╭─ Data for review
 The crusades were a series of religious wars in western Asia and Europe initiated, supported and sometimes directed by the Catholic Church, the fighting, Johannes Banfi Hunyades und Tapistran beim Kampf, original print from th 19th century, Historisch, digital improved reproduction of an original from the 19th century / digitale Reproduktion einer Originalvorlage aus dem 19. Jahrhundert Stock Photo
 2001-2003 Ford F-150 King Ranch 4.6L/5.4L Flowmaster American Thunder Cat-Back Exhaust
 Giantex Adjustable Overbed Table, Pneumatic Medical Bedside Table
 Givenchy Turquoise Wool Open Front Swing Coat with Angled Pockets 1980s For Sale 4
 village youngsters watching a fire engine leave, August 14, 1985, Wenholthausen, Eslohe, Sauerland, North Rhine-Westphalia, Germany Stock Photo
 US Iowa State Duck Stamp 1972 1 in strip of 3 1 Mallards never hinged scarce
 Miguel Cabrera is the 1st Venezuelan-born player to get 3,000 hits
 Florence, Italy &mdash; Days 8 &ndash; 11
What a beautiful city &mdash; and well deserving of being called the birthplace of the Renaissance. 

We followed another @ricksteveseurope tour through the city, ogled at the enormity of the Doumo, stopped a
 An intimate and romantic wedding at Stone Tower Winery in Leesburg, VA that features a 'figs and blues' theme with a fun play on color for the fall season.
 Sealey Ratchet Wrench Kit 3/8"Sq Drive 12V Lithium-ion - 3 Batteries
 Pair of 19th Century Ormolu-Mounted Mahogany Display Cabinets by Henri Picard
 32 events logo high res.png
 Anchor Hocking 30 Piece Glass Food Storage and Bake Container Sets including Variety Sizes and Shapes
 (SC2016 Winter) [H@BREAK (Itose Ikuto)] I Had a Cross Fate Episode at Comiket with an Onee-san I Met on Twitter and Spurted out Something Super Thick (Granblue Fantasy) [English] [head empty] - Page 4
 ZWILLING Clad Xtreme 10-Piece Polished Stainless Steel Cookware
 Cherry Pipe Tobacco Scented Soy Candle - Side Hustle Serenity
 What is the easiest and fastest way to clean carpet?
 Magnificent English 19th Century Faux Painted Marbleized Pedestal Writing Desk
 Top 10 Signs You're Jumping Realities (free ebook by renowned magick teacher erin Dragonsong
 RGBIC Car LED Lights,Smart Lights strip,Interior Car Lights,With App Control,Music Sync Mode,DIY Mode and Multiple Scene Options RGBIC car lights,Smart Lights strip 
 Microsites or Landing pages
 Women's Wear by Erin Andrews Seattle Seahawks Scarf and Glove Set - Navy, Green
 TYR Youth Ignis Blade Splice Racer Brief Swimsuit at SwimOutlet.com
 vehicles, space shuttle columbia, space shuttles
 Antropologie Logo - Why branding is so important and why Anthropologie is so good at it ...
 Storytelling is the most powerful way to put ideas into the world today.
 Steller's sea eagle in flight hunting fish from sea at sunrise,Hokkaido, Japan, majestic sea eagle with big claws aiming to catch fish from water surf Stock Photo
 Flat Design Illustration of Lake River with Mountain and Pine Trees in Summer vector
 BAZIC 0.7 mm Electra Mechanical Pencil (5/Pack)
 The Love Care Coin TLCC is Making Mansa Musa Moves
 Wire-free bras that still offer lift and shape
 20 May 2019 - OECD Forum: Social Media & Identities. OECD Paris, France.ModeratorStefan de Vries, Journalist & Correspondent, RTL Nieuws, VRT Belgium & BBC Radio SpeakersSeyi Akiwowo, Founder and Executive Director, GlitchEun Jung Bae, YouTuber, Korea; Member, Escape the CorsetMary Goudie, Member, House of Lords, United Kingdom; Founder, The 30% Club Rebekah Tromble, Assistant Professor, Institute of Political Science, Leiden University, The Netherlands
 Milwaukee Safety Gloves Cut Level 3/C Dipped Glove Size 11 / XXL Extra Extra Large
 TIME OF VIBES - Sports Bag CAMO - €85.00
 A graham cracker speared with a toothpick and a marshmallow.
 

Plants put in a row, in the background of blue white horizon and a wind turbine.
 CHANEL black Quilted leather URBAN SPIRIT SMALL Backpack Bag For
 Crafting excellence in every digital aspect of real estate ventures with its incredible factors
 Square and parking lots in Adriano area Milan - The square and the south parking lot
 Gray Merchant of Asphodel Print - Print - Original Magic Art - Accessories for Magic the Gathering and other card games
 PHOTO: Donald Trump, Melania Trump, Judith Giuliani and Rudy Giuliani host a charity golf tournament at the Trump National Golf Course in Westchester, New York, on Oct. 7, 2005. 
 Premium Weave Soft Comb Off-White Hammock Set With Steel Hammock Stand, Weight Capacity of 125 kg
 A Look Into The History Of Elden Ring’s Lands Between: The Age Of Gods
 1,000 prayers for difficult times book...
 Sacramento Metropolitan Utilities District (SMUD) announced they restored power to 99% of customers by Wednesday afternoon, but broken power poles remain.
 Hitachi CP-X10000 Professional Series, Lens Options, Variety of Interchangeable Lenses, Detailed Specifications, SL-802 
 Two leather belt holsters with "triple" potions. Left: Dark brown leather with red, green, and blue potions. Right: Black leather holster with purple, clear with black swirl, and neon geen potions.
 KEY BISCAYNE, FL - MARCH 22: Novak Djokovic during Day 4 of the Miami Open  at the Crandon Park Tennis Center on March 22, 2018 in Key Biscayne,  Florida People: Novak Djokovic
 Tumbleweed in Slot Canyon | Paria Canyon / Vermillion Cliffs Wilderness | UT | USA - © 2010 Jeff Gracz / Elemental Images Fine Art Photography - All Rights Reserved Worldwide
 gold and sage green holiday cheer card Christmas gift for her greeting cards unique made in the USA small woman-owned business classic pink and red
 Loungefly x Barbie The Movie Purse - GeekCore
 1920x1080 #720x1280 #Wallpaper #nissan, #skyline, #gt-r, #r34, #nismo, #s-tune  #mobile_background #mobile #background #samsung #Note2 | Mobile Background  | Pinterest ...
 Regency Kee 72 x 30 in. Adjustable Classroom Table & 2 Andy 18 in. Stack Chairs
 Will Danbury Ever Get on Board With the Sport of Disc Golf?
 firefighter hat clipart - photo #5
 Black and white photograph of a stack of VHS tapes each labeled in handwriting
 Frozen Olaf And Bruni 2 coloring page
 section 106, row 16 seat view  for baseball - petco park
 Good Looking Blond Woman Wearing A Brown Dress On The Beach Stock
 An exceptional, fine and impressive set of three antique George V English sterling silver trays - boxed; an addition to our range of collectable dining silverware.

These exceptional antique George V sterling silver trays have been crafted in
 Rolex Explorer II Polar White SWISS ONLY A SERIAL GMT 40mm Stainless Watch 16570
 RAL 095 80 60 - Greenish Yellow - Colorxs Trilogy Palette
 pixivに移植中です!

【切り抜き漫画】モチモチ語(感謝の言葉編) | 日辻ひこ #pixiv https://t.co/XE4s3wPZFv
╰─
**The task**
Each of the records should be retyped exactly.

**Your solution**
 The crusades were a series of religious wars in western Asia and Europe initiated, supported and sometimes directed by the Catholic Church, the fighting, Johannes Banfi Hunyades und Tapistran beim Kampf, original print from th 19th century, Historisch, digital improved reproduction of an original from the 19th century / digitale Reproduktion einer Originalvorlage aus dem 19. Jahrhundert Stock Photo
 2001-2003 Ford F-150 King Ranch 4.6L/5.4L Flowmaster American Thunder Cat-Back Exhaust
 Giantex Adjustable Overbed Table, Pneumatic Medical Bedside Table
 Givenchy Turquoise Wool Open Front Swing Coat with Angled Pockets 1980s For Sale 4
 village youngsters watching a fire engine leave, August 14, 1985, Wenholthausen, Eslohe, Sauerland, North Rhine-Westphalia, Germany Stock Photo
 US Iowa State Duck Stamp 1972 1 in strip of 3 1 Mallards never hinged scarce
 Miguel Cabrera is the 1st Venezuelan-born player to get 3,000 hits
 Florence, Italy &mdash; Days 8 &ndash; 11
What a beautiful city &mdash; and well deserving of being called the birthplace of the Renaissance. 

We followed another @ricksteveseurope tour through the city, ogled at the enormity of the Doumo, stopped a
 An intimate and romantic wedding at Stone Tower Winery in Leesburg, VA that features a 'figs and blues' theme with a fun play on color for the fall season.
 Sealey Ratchet Wrench Kit 3/8"Sq Drive 12V Lithium-ion - 3 Batteries
 Pair of 19th Century Ormolu-Mounted Mahogany Display Cabinets by Henri Picard
 32 events logo high res.png
 Anchor Hocking 30 Piece Glass Food Storage and Bake Container Sets including Variety Sizes and Shapes
 (SC2016 Winter) [H@BREAK (Itose Ikuto)] I Had a Cross Fate Episode at Comiket with an Onee-san I Met on Twitter and Spurted out Something Super Thick (Granblue Fantasy) [English] [head empty] - Page 4
 ZWILLING Clad Xtreme 10-Piece Polished Stainless Steel Cookware
 Cherry Pipe Tobacco Scented Soy Candle - Side Hustle Serenity
 What is the easiest and fastest way to clean carpet?
 Magnificent English 19th Century Faux Painted Marbleized Pedestal Writing Desk
 Top 10 Signs You're Jumping Realities (free ebook by renowned magick teacher erin Dragonsong
 RGBIC Car LED Lights,Smart Lights strip,Interior Car Lights,With App Control,Music Sync Mode,DIY Mode and Multiple Scene Options RGBIC car lights,Smart Lights strip 
 Microsites or Landing pages
 Women's Wear by Erin Andrews Seattle Seahawks Scarf and Glove Set - Navy, Green
 TYR Youth Ignis Blade Splice Racer Brief Swimsuit at SwimOutlet.com
 vehicles, space shuttle columbia, space shuttles
 Antropologie Logo - Why branding is so important and why Anthropologie is so good at it ...
 Storytelling is the most powerful way to put ideas into the world today.
 Steller's sea eagle in flight hunting fish from sea at sunrise,Hokkaido, Japan, majestic sea eagle with big claws aiming to catch fish from water surf Stock Photo
 Flat Design Illustration of Lake River with Mountain and Pine Trees in Summer vector
 BAZIC 0.7 mm Electra Mechanical Pencil (5/Pack)
 The Love Care Coin TLCC is Making Mansa Musa Moves
 Wire-free bras that still offer lift and shape
 20 May 2019 - OECD Forum: Social Media & Identities. OECD Paris, France.ModeratorStefan de Vries, Journalist & Correspondent, RTL Nieuws, VRT Belgium & BBC Radio SpeakersSeyi Akiwowo, Founder and Executive Director, GlitchEun Jung Bae, YouTuber, Korea; Member, Escape the CorsetMary Goudie, Member, House of Lords, United Kingdom; Founder, The 30% Club Rebekah Tromble, Assistant Professor, Institute of Political Science, Leiden University, The Netherlands
 Milwaukee Safety Gloves Cut Level 3/C Dipped Glove Size 11 / XXL Extra Extra Large
 TIME OF VIBES - Sports Bag CAMO - €85.00
 A graham cracker speared with a toothpick and a marshmallow.
 

Plants put in a row, in the background of blue white horizon and a wind turbine.
 CHANEL black Quilted leather URBAN SPIRIT SMALL Backpack Bag For
 Crafting excellence in every digital aspect of real estate ventures with its incredible factors
 Square and parking lots in Adriano area Milan - The square and the south parking lot
 Gray Merchant of Asphodel Print - Print - Original Magic Art - Accessories for Magic the Gathering and other card games
 PHOTO: Donald Trump, Melania Trump, Judith Giuliani and Rudy Giuliani host a charity golf tournament at the Trump National Golf Course in Westchester, New York, on Oct. 7, 2005. 
 Premium Weave Soft Comb Off-White Hammock Set With Steel Hammock Stand, Weight Capacity of 125 kg
 A Look Into The History Of Elden Ring’s Lands Between: The Age Of Gods
 1,000 prayers for difficult times book...
 Sacramento Metropolitan Utilities District (SMUD) announced they restored power to 99% of customers by Wednesday afternoon, but broken power poles remain.
 Hitachi CP-X10000 Professional Series, Lens Options, Variety of Interchangeable Lenses, Detailed Specifications, SL-802 
 Two leather belt holsters with "triple" potions. Left: Dark brown leather with red, green, and blue potions. Right: Black leather holster with purple, clear with black swirl, and neon geen potions.
 KEY BISCAYNE, FL - MARCH 22: Novak Djokovic during Day 4 of the Miami Open  at the Crandon Park Tennis Center on March 22, 2018 in Key Biscayne,  Florida People: Novak Djokovic
 Tumbleweed in Slot Canyon | Paria Canyon / Vermillion Cliffs Wilderness | UT | USA - © 2010 Jeff Gracz / Elemental Images Fine Art Photography - All Rights Reserved Worldwide
 gold and sage green holiday cheer card Christmas gift for her greeting cards unique made in the USA small woman-owned business classic pink and red
 Loungefly x Barbie The Movie Purse - GeekCore
 1920x1080 #720x1280 #Wallpaper #nissan, #skyline, #gt-r, #r34, #nismo, #s-tune  #mobile_background #mobile #background #samsung #Note2 | Mobile Background  | Pinterest ...
 Regency Kee 72 x 30 in. Adjustable Classroom Table & 2 Andy 18 in. Stack Chairs
 Will Danbury Ever Get on Board With the Sport of Disc Golf?
 firefighter hat clipart - photo #5
 Black and white photograph of a stack of VHS tapes each labeled in handwriting
 Frozen Olaf And Bruni 2 coloring page
 section 106, row 16 seat view  for baseball - petco park
 Good Looking Blond Woman Wearing A Brown Dress On The Beach Stock
 An exceptional, fine and impressive set of three antique George V English sterling silver trays - boxed; an addition to our range of collectable dining silverware.

These exceptional antique George V sterling silver trays have been crafted in
 Rolex Explorer II Polar White SWISS ONLY A SERIAL GMT 40mm Stainless Watch 16570
 RAL 095 80 60 - Greenish Yellow - Colorxs Trilogy Palette
 pixivに移植中です!

【切り抜き漫画】モチモチ語(感謝の言葉編) | 日辻ひこ #pixiv https://t.co/XE4s3wPZFv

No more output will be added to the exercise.